Information shown:
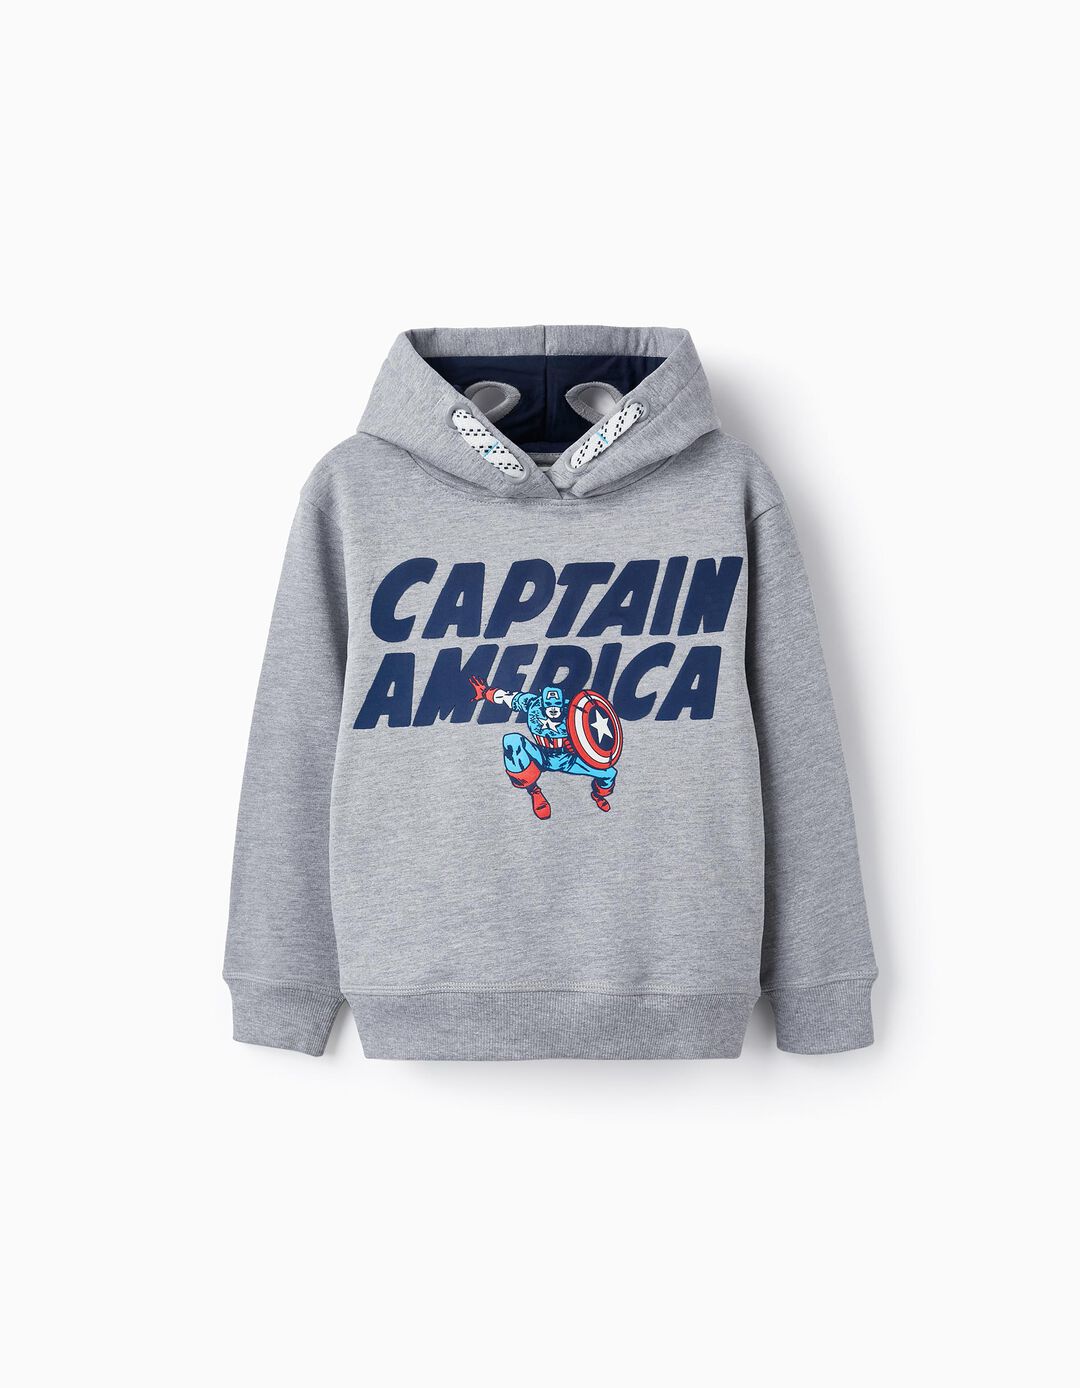 Cotton Hooded Sweatshirt for Boys 'Captain America', Gray
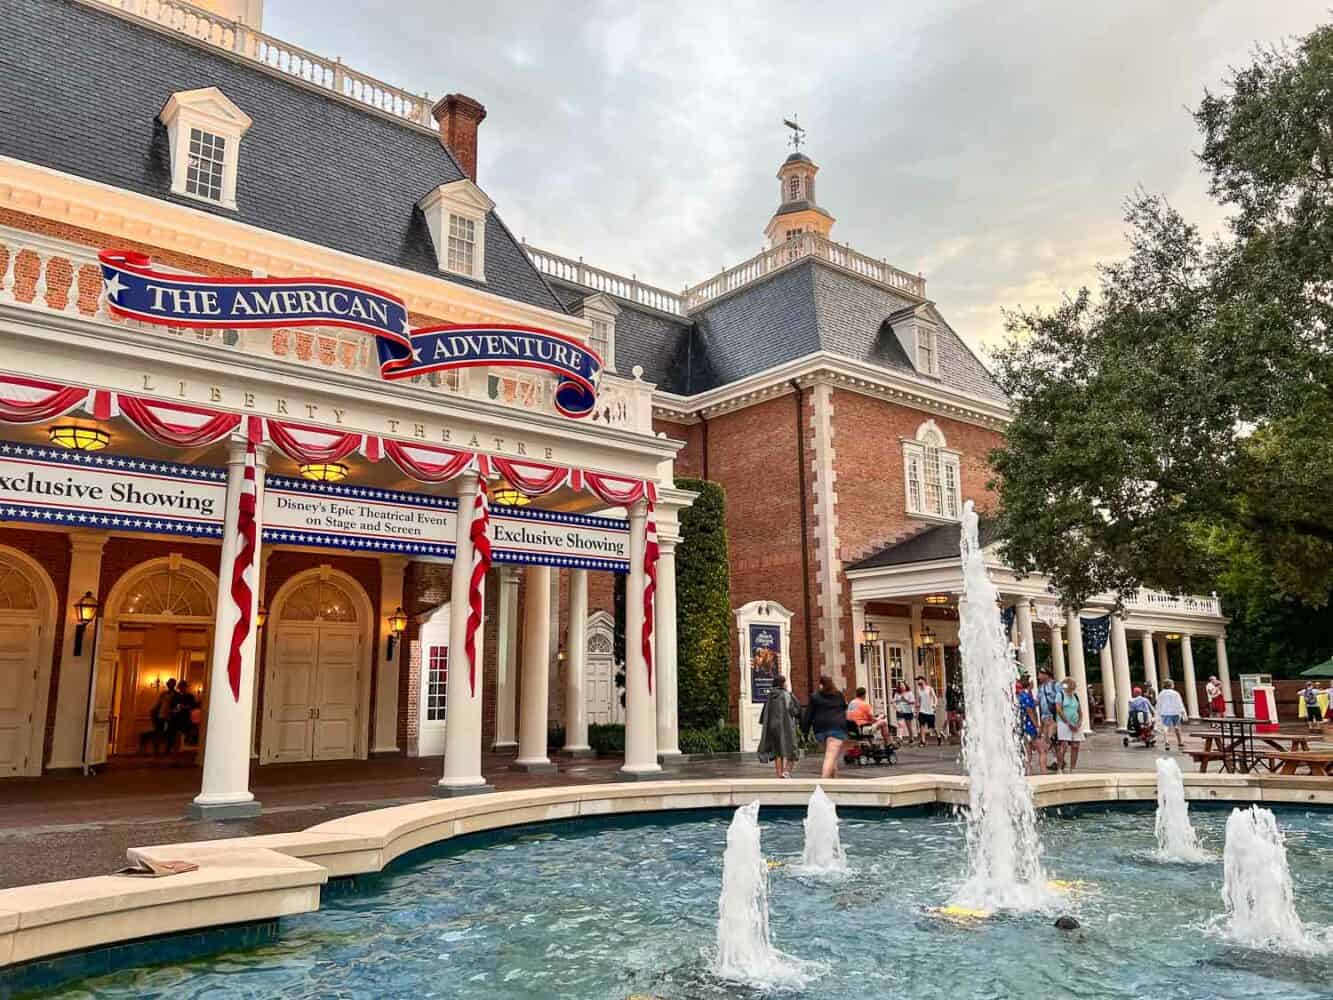 Entrance to The American Adventure Show at Epcot, Disney World Orlando
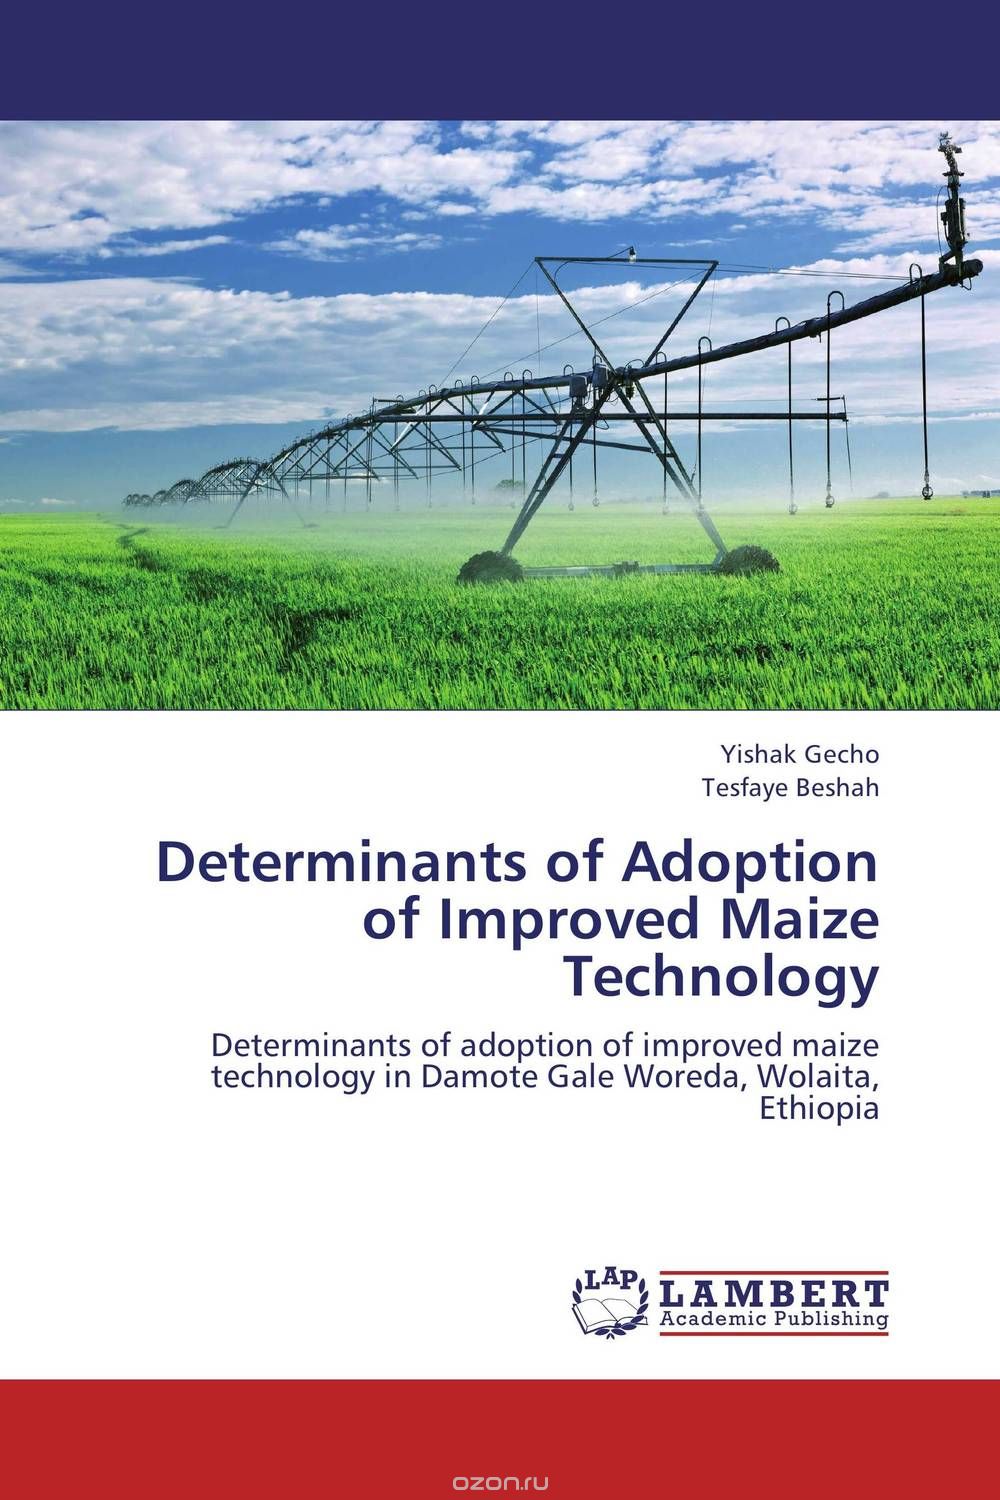 Скачать книгу "Determinants of Adoption of Improved Maize Technology"

Goal of the exercise: For your answer, write out the data exactly and drop every picture.

Task answer:
 Cotton Hooded Sweatshirt for Boys 'Captain America', Gray
 Entrance to The American Adventure Show at Epcot, Disney World Orlando
 Скачать книгу "Determinants of Adoption of Improved Maize Technology"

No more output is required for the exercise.